To Lie with Lions - Dorothy Dunnett [166]
‘He’s going to say “Ey”,’ said Katelijne.
‘Ey!’ said Crackbene. And in the boat now surging up to their flank the blue eyes, the myriad blue, icy eyes opened and shone.
‘Svipa, ey!’ bawled the man from the boat. And the cry was taken up, from boat to boat under the gulls until all the faces were turned to Mick Crackbene, and smiling.
Peace, not war. They were in Thule and, thank God, they were welcome.
Only Katelijne, watching the dogger arrive, was disturbed. She said, ‘The fishermen know Master Crackbene. They’re coming aboard. Where would they get a new boat of that size?’
Robin wouldn’t have told her just yet. It was John le Grant, on his way to the steps, who seized the chance to explain. ‘Could you not guess? We built the doggers in Leith, exchanged them in Orkney for yoles, and presented the yoles to the Icelanders, together with one twenty-ton dogger that can fish as far out to sea as the Hanse ships.’
‘In return for what?’ Katelijne said. But she knew almost before she was told. In return for all the existing stores of dried cod, and the fill of M. de Fleury’s holds, if he liked, in fresh landings. She should have guessed. She should have managed to forewarn her brother. Betha Sinclair, so anxious to keep her at Dean, had known of her father’s Orkney involvement. Only Kathi had been blind.
The dogger, arriving, made fast to Svipa’s side and the oarsmen slowly clambered aboard, heavily creaking.
‘Don’t laugh,’ Robin said. ‘They’re wearing sheepskin made supple with fish-oil. It’s waterproof.’
‘I’m not laughing,’ Kathi said, and departed. Robin looked after her.
‘She’ll be all right,’ said the chaplain. ‘Divided loyalty is an upsetting thing, with or without halibut-oil.
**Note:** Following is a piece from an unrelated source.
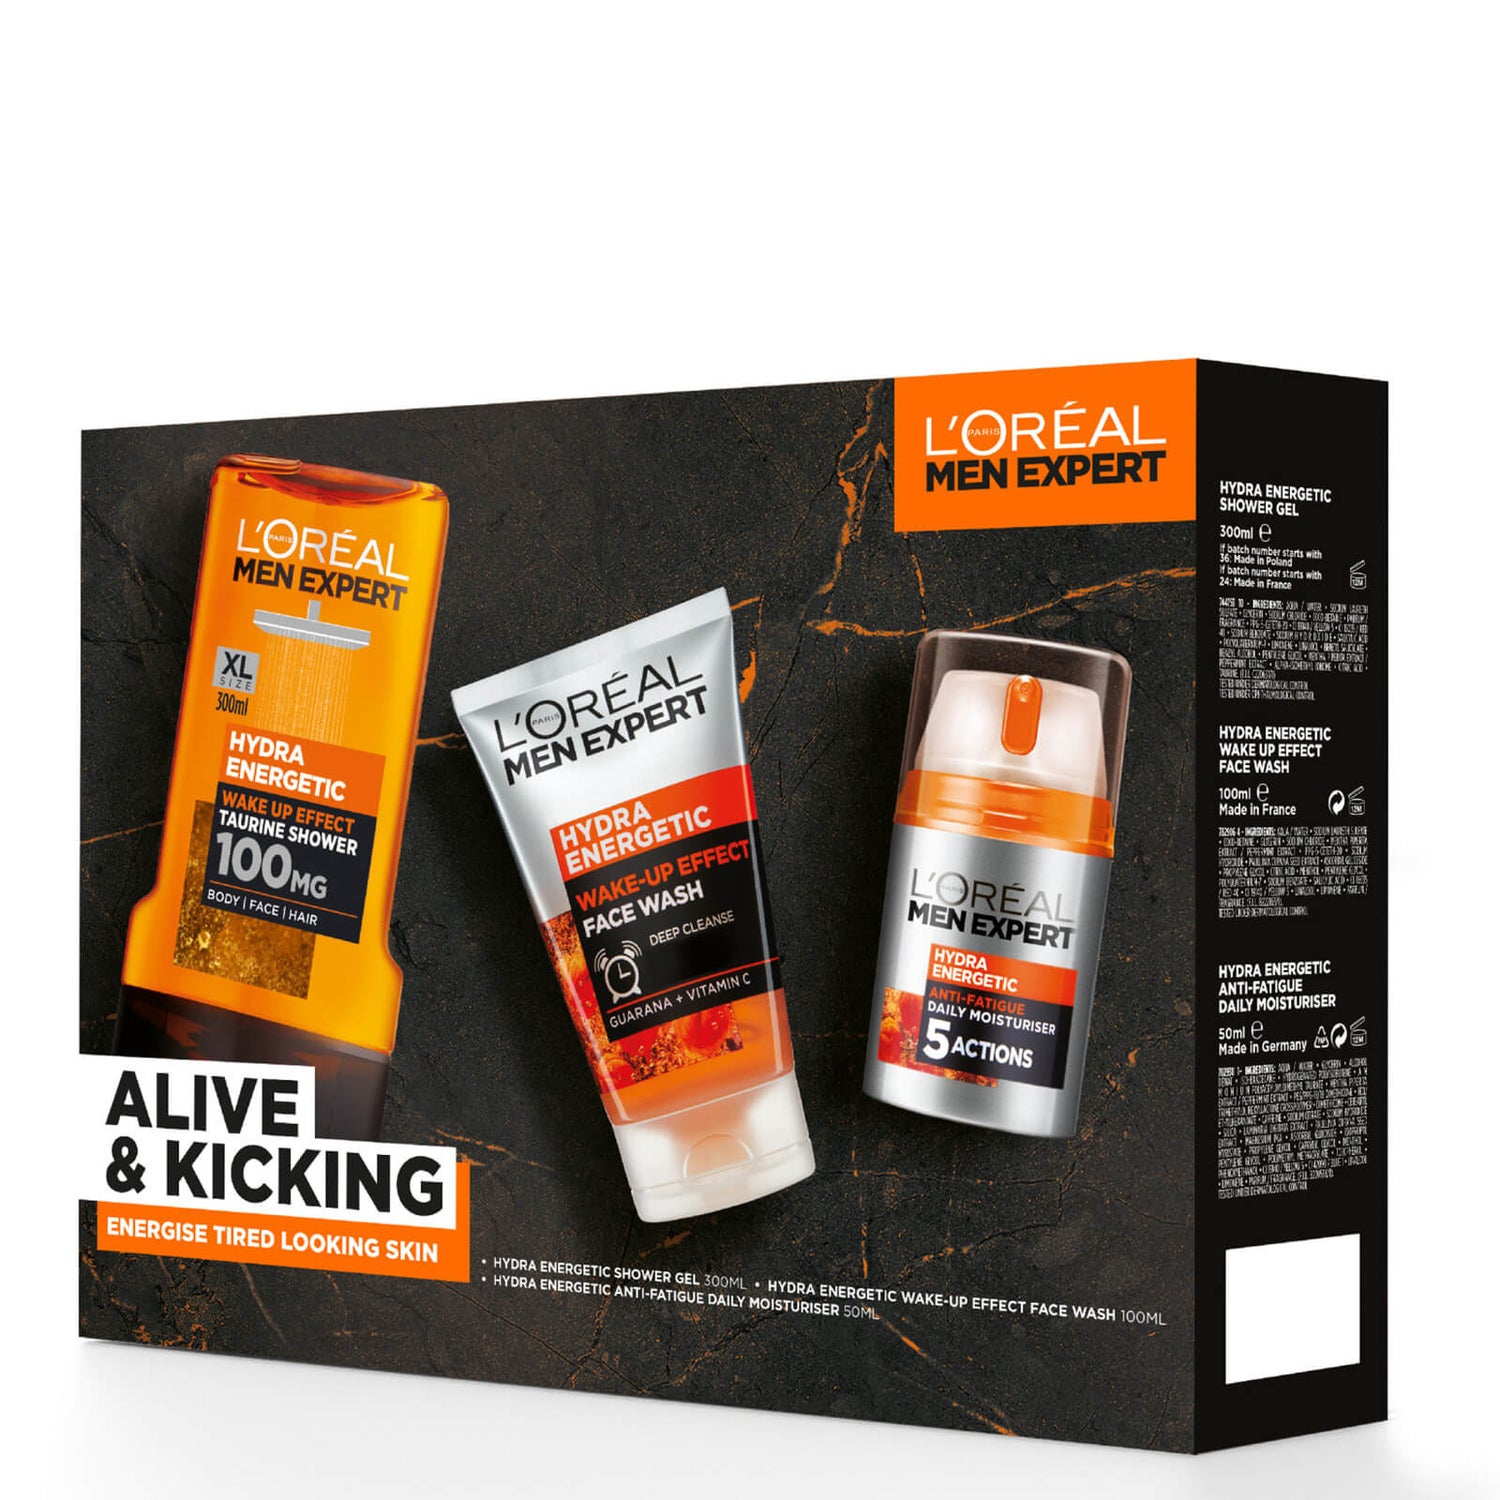 L'Oreal Paris Men Expert Alive and Kicking 3 Piece Gift Set For Him (Worth £18.00)

Give her time.’
Robin said nothing.
Father Moriz surveyed him. ‘Some of that was new to you also? I share your doubts, but lives may be saved. The Svipa can be freighted and leave in two weeks, before anyone sees or can stop her.’
‘Except the Unicorn,’ Robin said. He wasn’t stupid, and he didn’t want to be soothed. He was anxious about Kathi’s brother.
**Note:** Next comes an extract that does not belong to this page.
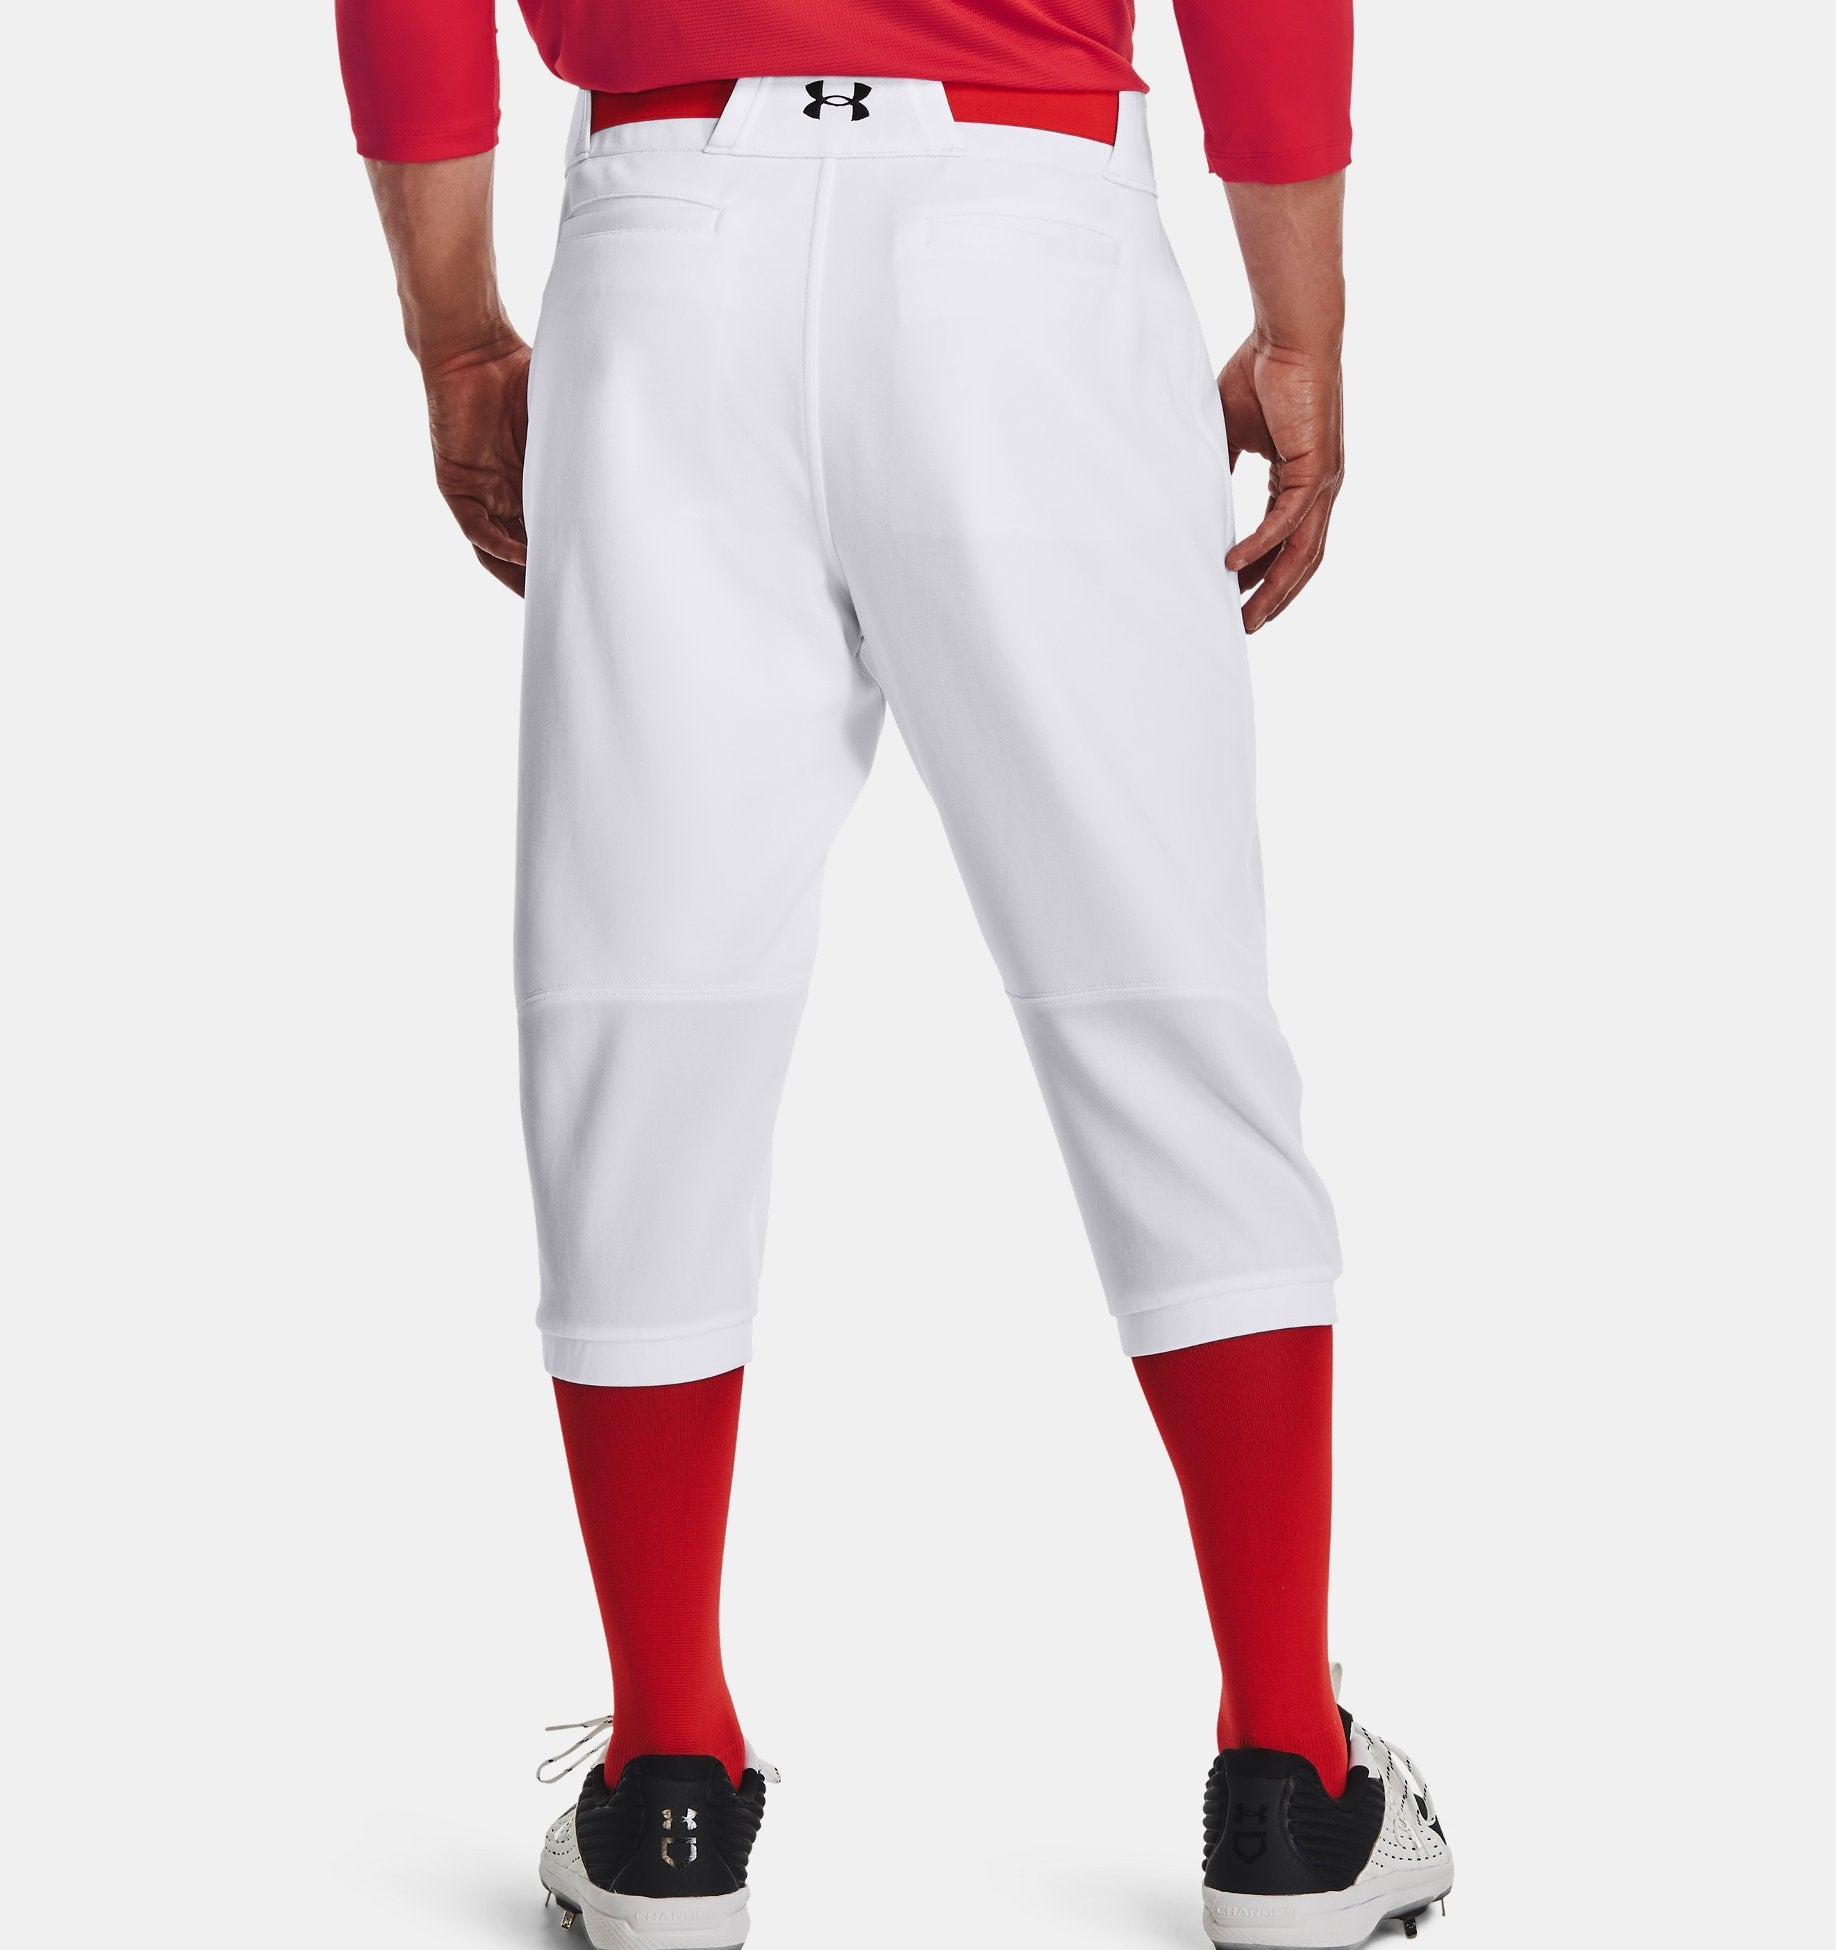 Under Armour Boys' Utility Knicker Baseball Pants | Dick's Sporting Goods

The priest removed his handkerchief from his nose, and replaced it quickly. ‘The Vatachino have no more right to be here than we have. With no stockfish to buy, they’re going to be far too busy catching wet fish to complain. And even then, they’ll have to leave if the Hanse come.’
Robin said, ‘Won’t the Icelanders be punished for selling to us?’ Below, the dogger’s master was calling to M. de Fleury.
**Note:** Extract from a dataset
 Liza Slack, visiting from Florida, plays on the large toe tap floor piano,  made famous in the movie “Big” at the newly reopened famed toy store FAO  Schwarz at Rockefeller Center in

The German smiled. His eyebrows, fluttering, made him wink. He said, ‘I doubt it. They are tough. Royal officials have been killed in the past. We are more in danger than they are.’
‘If a Hanse ship were to catch us,’ Robin said. M. de Fleury had made a remark, and the dogger man was waving his arms.
‘We must hope that it doesn’t,’ said the priest.
‘It has,’ Robin said. ‘Father, you’ve got your hat too far over your ears. That’s what the man from the dogger is saying.’
The priest dropped his handkerchief. ‘What?’
‘Ever since we came in, there’s been a Hanse ship hidden there in the harbour. The Pruss Maiden, they say. Her men watched us come in. And now she wants her full due of stockfish, or she’ll sink us.’
Apart from a carrying voice, the man who brought the bad news, by name Glímu-Sveinn, possessed the shape of a dicker of hides and a jaw as long as his beard, above which bulged two ferocious eyes in a ring of white lashes. Nicholas absorbed what he said and pondered all through Lutkyn’s translation, having already picked up the gist. He hoped the others were doing the same.
It was, of course, catastrophic. A mature man would have wept. Arrived at Ultima Thule, faced with six well-oiled aliens and a thundering threat from a Hanse ship, Nicholas experienced a jolt of pure juvenile pleasure. He said, ‘Lutkyn, Yuri and Mick: let’s have the ale up, and a brazier, and as much as there is of the beef. And then, my friends – then, my friends, let us see how we can help one another.’